Bild: Sitzt gerne in Talkshows: Jürgen Todenhöfer bei „Menschen bei Maischb…
taz: Herr Augstein, Sie haben Jürgen Todenhöfer zum Herausgeber des
„Freitag“ berufen. Warum?
Jakob Augstein: Ich kenne Jürgen Todenhöfer schon lange und finde, dass er
eine sehr ungewöhnliche Figur ist: ein unabhängiger Kopf, kontrovers und
deswegen passt er zu uns. Wir sind nicht in allem einer Meinung, aber mir
war wichtig: Er ist kein Mainstreampublizist und der Freitag ist kein
Mainstream-Medium.
In welchen Punkten stimmen sie überein?
Er ist einer der schärfsten Kriegskritiker. Ich halte ihn für einen
Pazifisten. Er glaubt, dass es keine guten und keine bösen Kriege, keine
guten Bomben und keine bösen Bomben gibt – darin sind wir uns einig. Ihn
zeichnet seine hohe Glaubwürdigkeit aus, er weiß wovon er spricht, wenn er
vom Krieg berichtet. Er war dort.
In vielen Kreisen hat er keine Glaubwürdigkeit. Zuletzt stand er [1][in der
Kritik, weil er ein Interview mit einem vermeintlichen Al-Nusra-Mitglied
geführt hat, das eventuell gar keins war].
Ich fand die Kritik an dem Interview nicht überzeugend. Ich kann das nicht
beurteilen, verlasse mich aber auf sein Wort.
Ihm wird auch eine zu große Nähe zu Assad vorgeworfen: [2][Er soll guten
Kontakt zu Assad-Vertrauten haben], [3][2012 hat er den syrischen Diktator
interviewt und kaum kritische Fragen gestellt].
Ich fand das Interview nicht unkritisch. Interessant ist doch, dass, wann
immer es um Todenhöfer geht, dieses Assad-Interview rausgeholt wird. Und
wenn sie diesen Maßstab – zu große Nähe zwischen Interviewpartner und
Interviewtem anlegen –, dann dünnen sich die Reihen der guten Journalisten
schnell aus. Ich glaube, viele Leute stören sich an seinen Meinungen und an
seiner Kritik an der militärisch gestützten Außenpolitik der USA. Das
wollen viele Leute nicht hören und kritisieren deswegen sein
journalistisches Handwerk. Übrigens: Todenhöfer ist kein Journalist. Das
muss er als Freitag-Herausgeber auch nicht sein.
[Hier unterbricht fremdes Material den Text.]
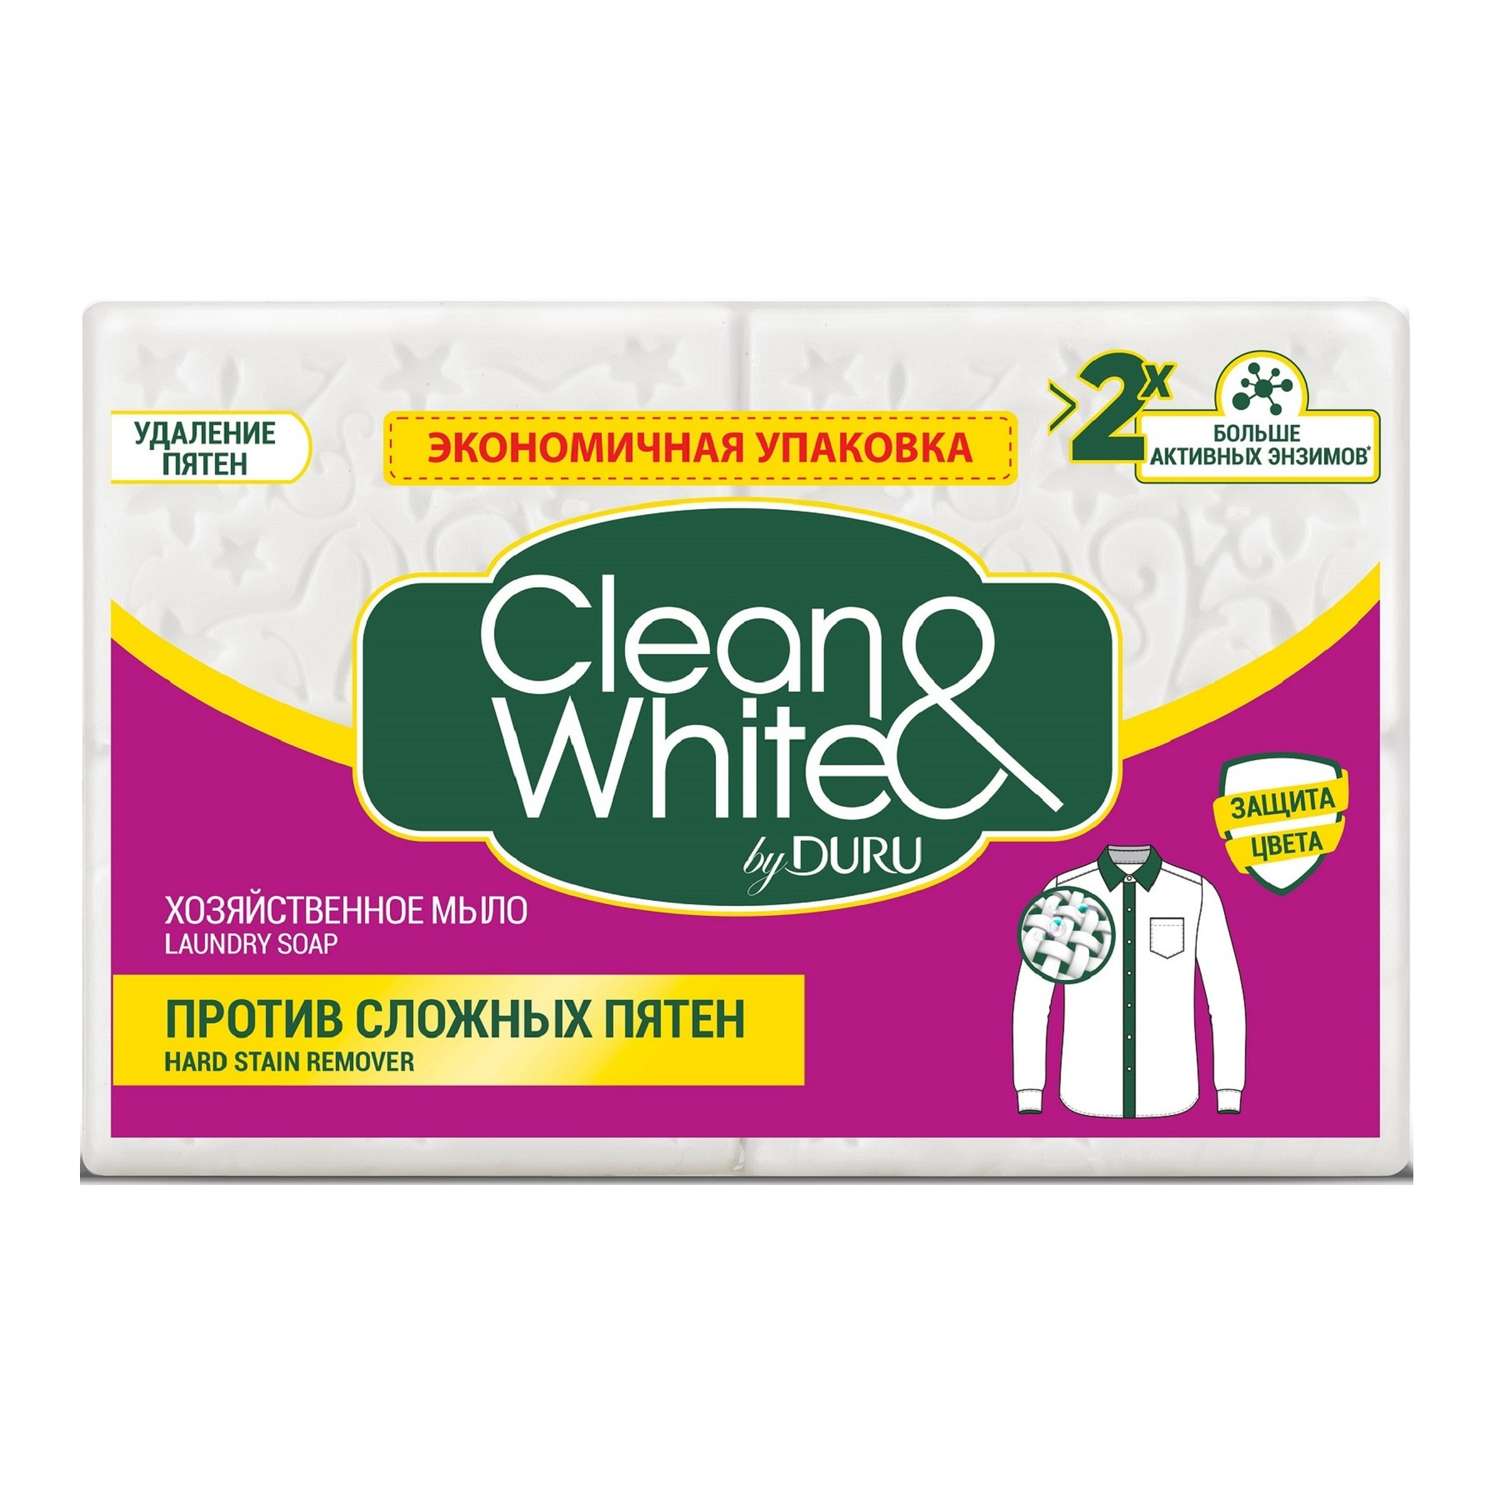 Мыло хозяйственное DURU Clean White против сложных пятен 4 шт х 120г - фото 1

In den sozialen Netzwerken haben einige Leute die Nachricht kommentiert
mit: „Augstein und Todenhöfer, das passt ja gut zusammen.“ Können Sie sich
vorstellen, was damit gemeint ist?
Das ist ein Zitat von bild.de-Chef Julian Reichelt. Zitiert die taz jetzt
die Bild?
Das kommt nicht nur von Reichelt, sondern von vielen Twitterern.
Okay, ich weiß aber nicht, was es bedeuten soll.
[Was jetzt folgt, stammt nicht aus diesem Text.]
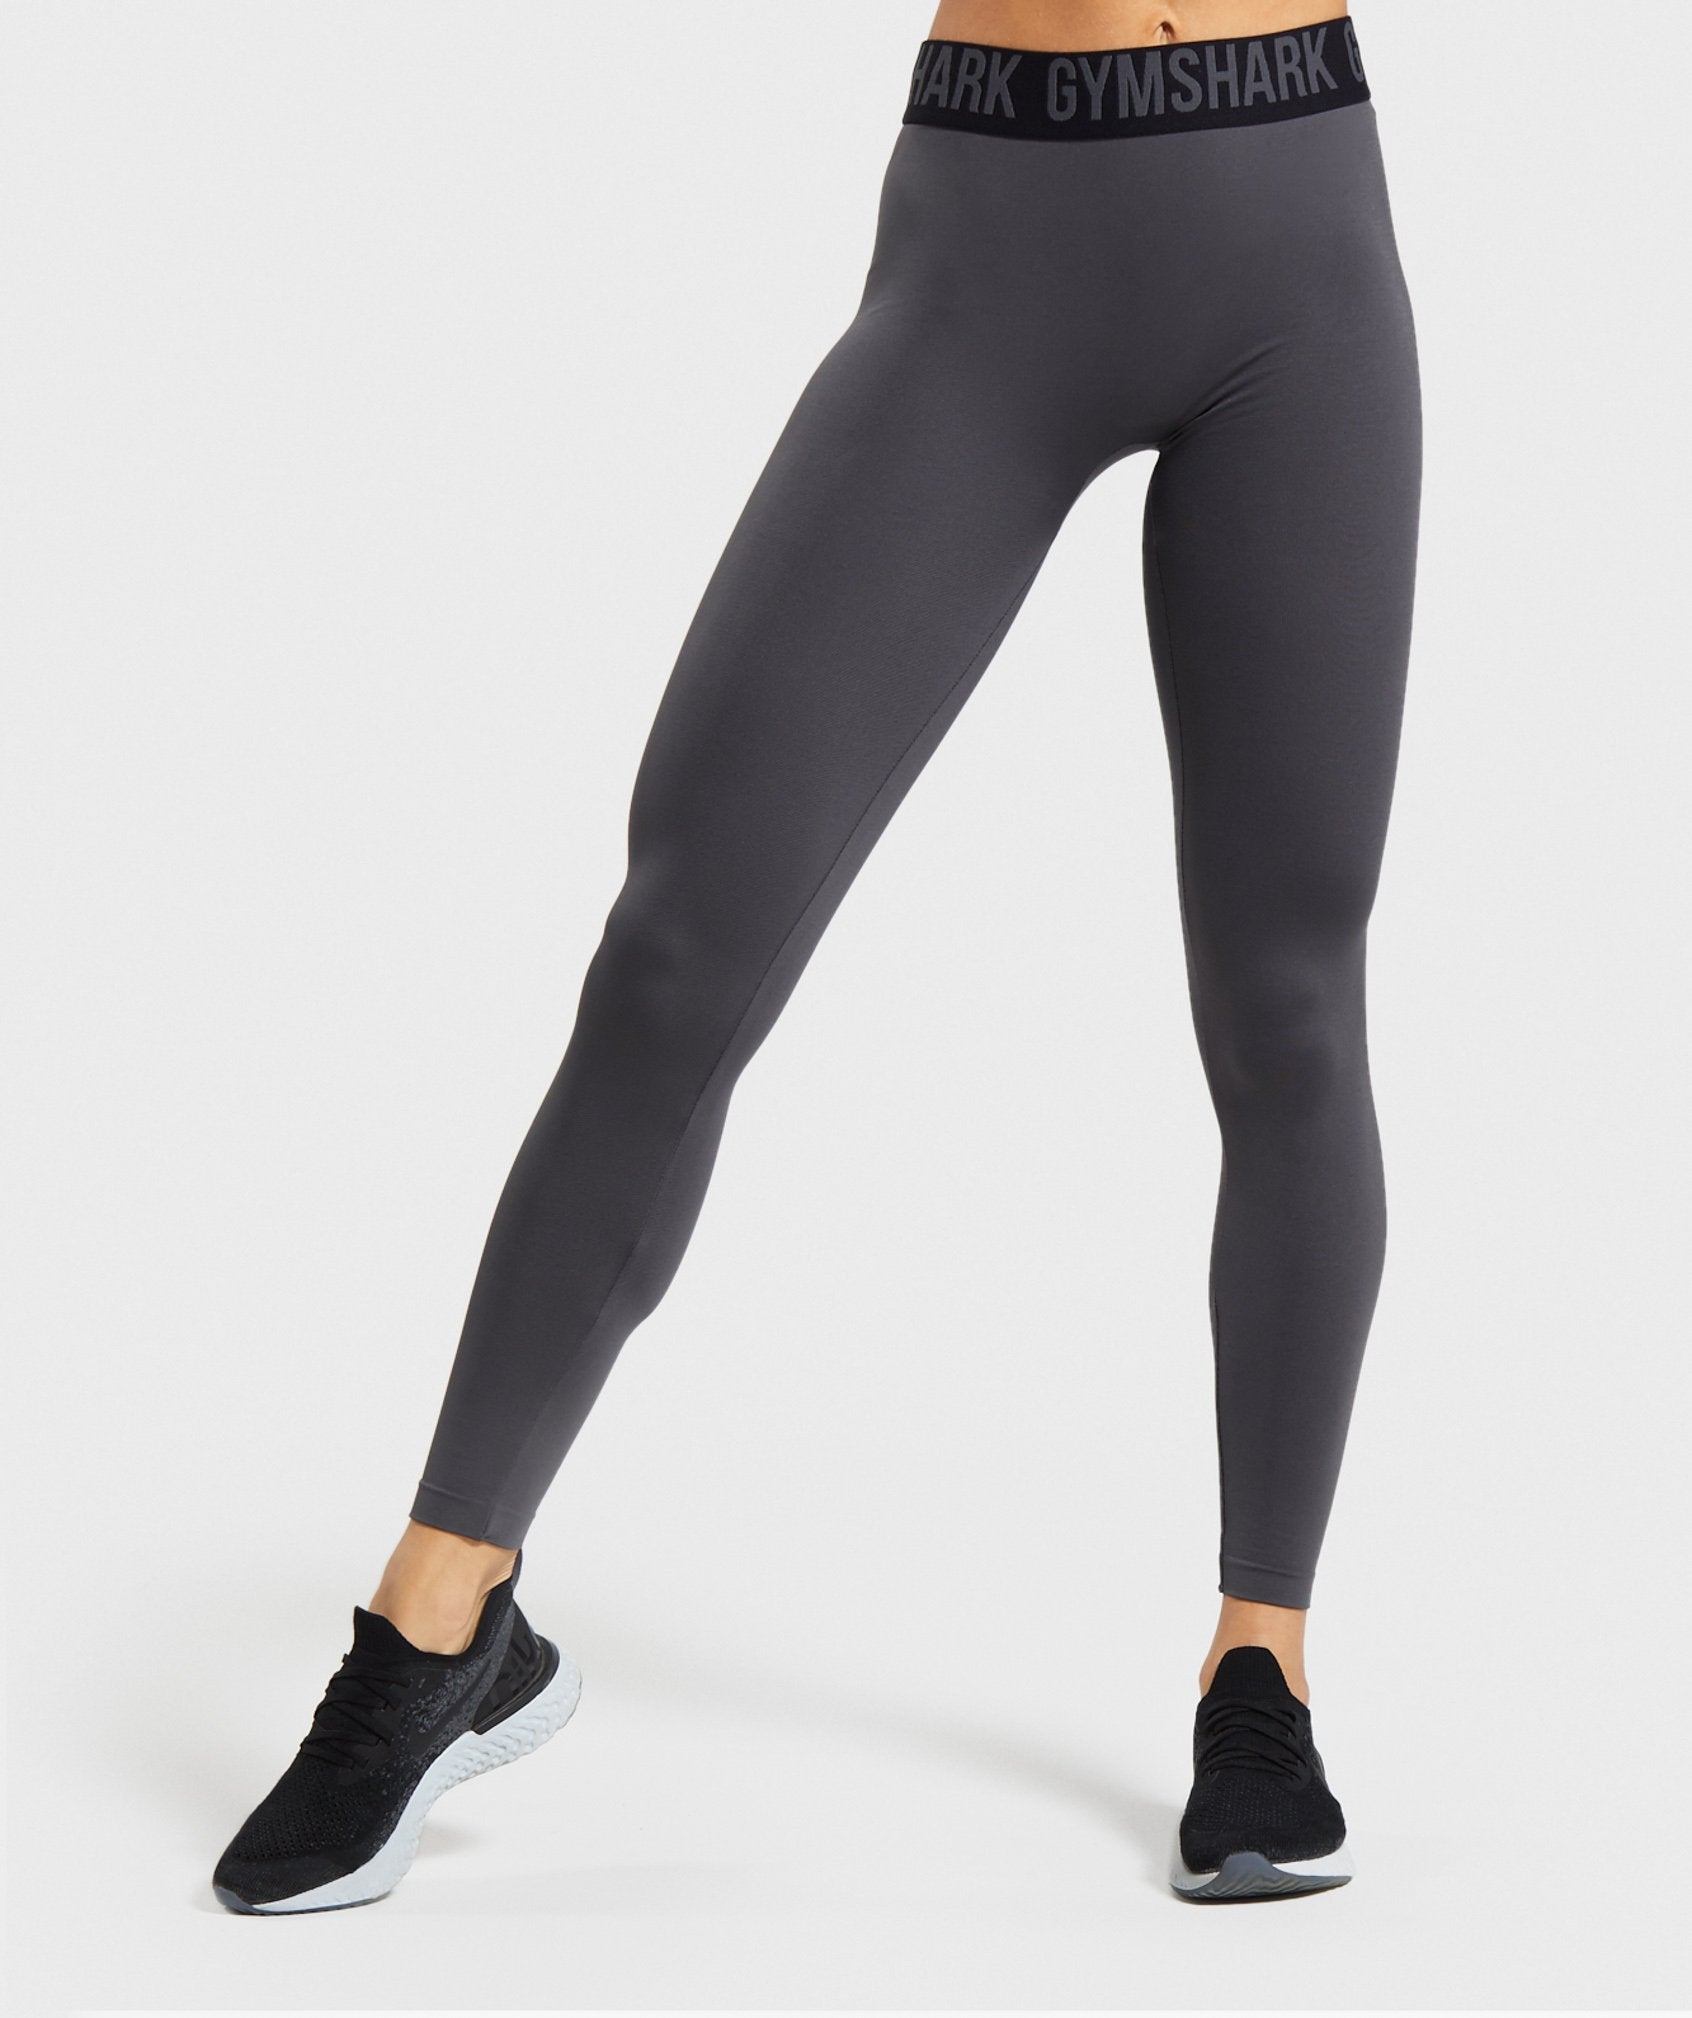 Gymshark Fit Leggings - Charcoal/Black Image A

Ihnen ist auch schon Antisemitismus vorgeworfen worden.
Ich habe keinen Hinweis darauf, dass Todenhöfer Antisemit ist. Er lehnt die
israelische Siedlungspolitik ab, das tue ich auch. Aber das ist doch noch
nicht antisemitisch.
Um bei Todenhöfer zu bleiben: Er hat zum Beispiel auf [4][Facebook Xavier
Naidoo promoted und dessen Lied „Nie mehr Krieg“, in dem er singt, Muslime
trügen heute den Judenstern]. Finden Sie das nicht antisemitisch?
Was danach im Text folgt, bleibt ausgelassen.